Min Luo, Xiaoqun Guan, Elizabeth D. Luczak, Di Lang, William Kutschke, Zhan Gao, Jinying Yang, Patric Glynn, Samuel Sossalla, Paari D. Swaminathan, Robert M. Weiss, Baoli Yang, Adam G. Rokita, Lars S. Maier, Igor R. Efimov, Thomas J. Hund, Mark E. Anderson
Oxidation-resistant CaMKII and myocardial CaMKII inhibition protects against SAN cell death and fibrosis.

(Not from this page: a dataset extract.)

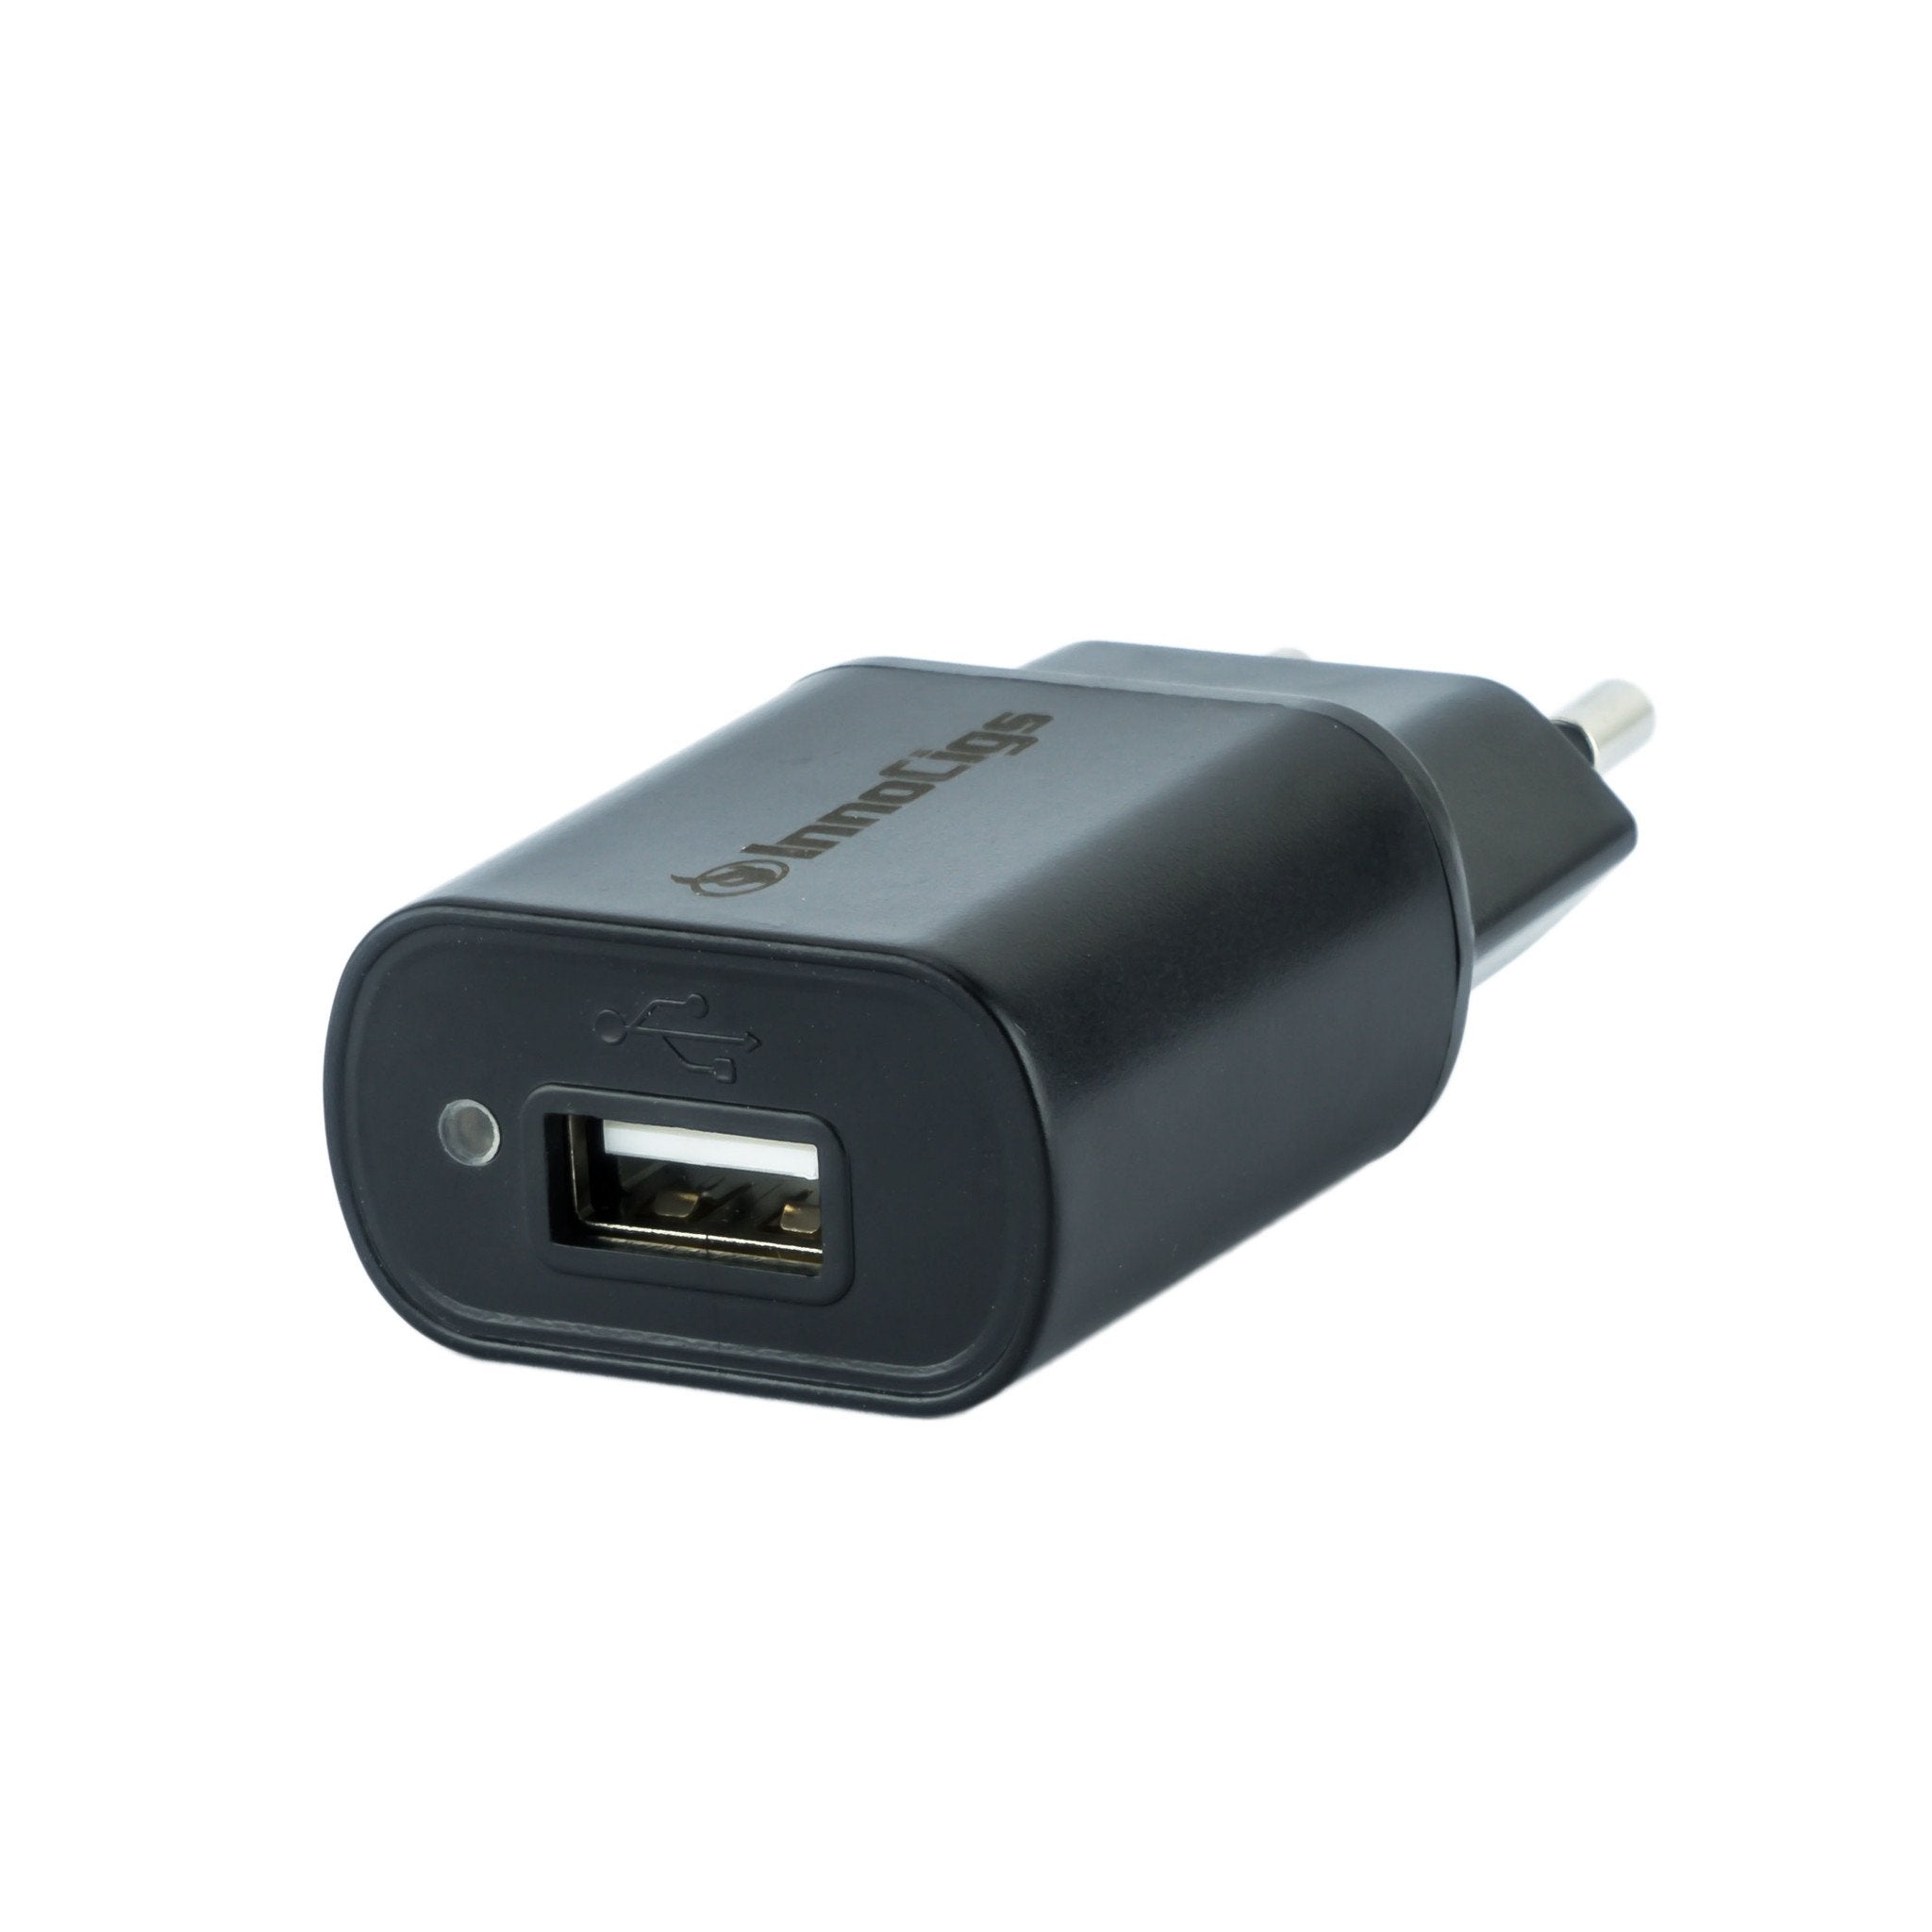 InnoCigs Netzstecker / Steckernetzteil / Netzadapter (USB 500 mA)

(A) Representative immunoblots and Coomassie-stained gels from right atria of STZ-treated MM-VV and WT mice. CaMKII (**P = 0.001), ox-CaMKII (***P ≤ 0.001), and ox-CaMKII/CaMKII (*P = 0.002) in MM-VV (n = 5) and WT STZ-treated mice (n = 4). (B) Representative immunofluorescence images of SAN from MM-VV and WT STZ-treated mice. Scale bars: 50 μm. CaMKII (P = 0.09) and ox-CaMKII (*P = 0.02) in MM-VV (n = 4) and WT STZ-treated mice (n = 5). HCN4 (green) marks SAN, and DAPI (blue) marks nuclei. (C) Representative SAN sections show TUNEL-positive staining (72) in WT mice after vehicle or STZ treatment and in MM-VV and AC3-I mice after STZ treatment. DAPI (blue) marks nuclei, HCN4 (green) marks SAN. Scale bars: 50 μm. Overall P < 0.0001, ***P < 0.001 by 1-way ANOVA (n = 3–5 per group). (D) Caspase-3 activity in SAN from WT mice after vehicle or STZ treatment and in MM-VV and AC3-I mice after STZ treatment. Overall P = 0.007, *P < 0.05, **P < 0.01 by 1-way ANOVA (n = 3 per group). (E) Representative Masson’s trichrome staining for fibrosis in SAN from STZ-treated WT, MM-VV, and AC3-I mice. Scale bars: 20 μm. Overall P = 0.005, **P < 0.01, ***P < 0.001 by 1-way ANOVA (n = 3–4 per group).